Checking for duplicate columns
names(spotify_songs)[duplicated(names(spotify_songs))]
## character(0)
The spotify_songs data doesn’t have any duplicate columns.
hist(spotify_songs$track_popularity, main = "Track popularity")
Majority of the track popularity data is between 0-20
boxplot(track_popularity ~ playlist_genre, data = spotify_songs, main = "Track popularity")
Pop has the highest mean popularity, no outliers here.
hist(spotify_songs$danceability, main = "Danceability")
Values are left skewed, close to normal with mean 0.7.
boxplot(danceability ~ playlist_genre, data = spotify_songs, main = "Danceability")
From the boxplot of danceability we observe
hist(spotify_songs$energy, main = "Energy")
Values are left skewed, close to normal with mean 0.7.
boxplot(energy ~ playlist_genre, data = spotify_songs, main = "Energy")
As expected edm has highest median but lot of outliers below 0.4 (lower IQR).
out <- barplot(table(spotify_songs$key), main="Key")
Most songs have a 1 key.
hist(spotify_songs$loudness, main = "Loudness")
Majority of the songs has loudness in the range of -10 to 0.
boxplot(loudness ~ playlist_genre, data = spotify_songs, main = "Loudness")
As expected EDM has the highest median.

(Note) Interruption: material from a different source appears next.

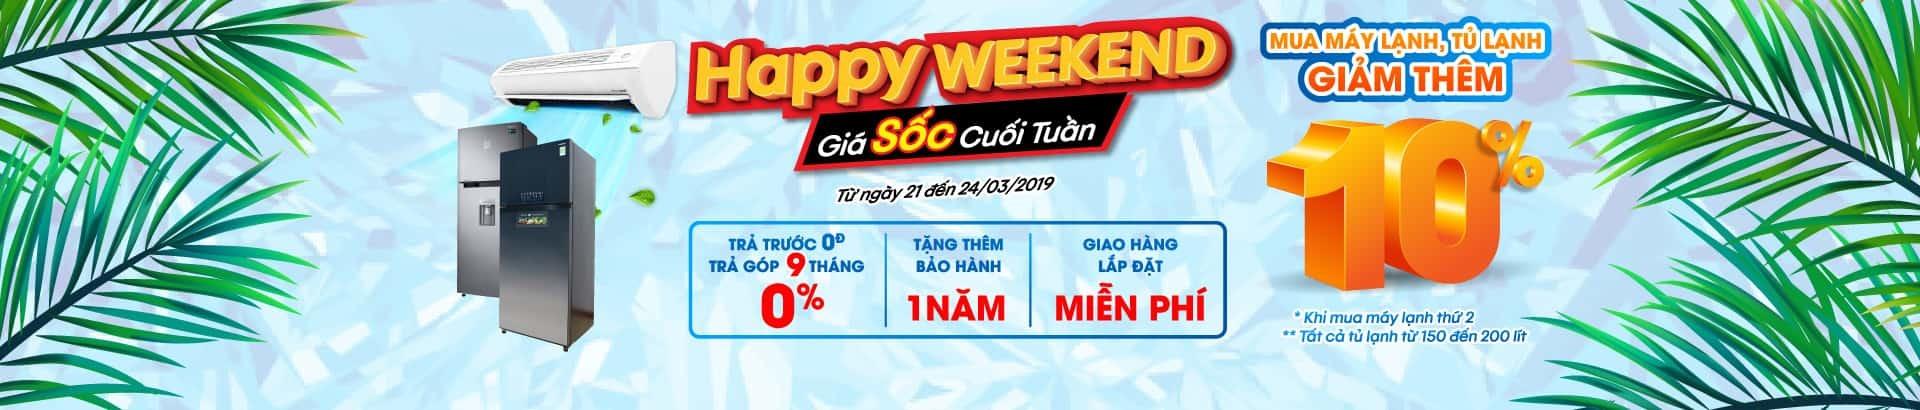 Happy Weekend<br/>giá sốc cuối tuần

EDM,R&B and RAP has outilier above the upper IQR. All genres have multiple outliers below the lower IQR.
out <- barplot(table(spotify_songs$mode), main="Mode")
Most songs have mode 1.
hist(spotify_songs$speechiness, main = "Speechiness")
Most songs have speechiness in the range 0 - 0.2.
boxplot(loudness ~ playlist_genre, data = spotify_songs, main = "Loudness")
hist(spotify_songs$acousticness, main = "Acousticness")
Most songs have acousticness in the range 0 - 0.2.
boxplot(acousticness ~ playlist_genre, data = spotify_songs, main = "Acousticness")
Median of 0.2 and a lot of outliers on the upper IQR.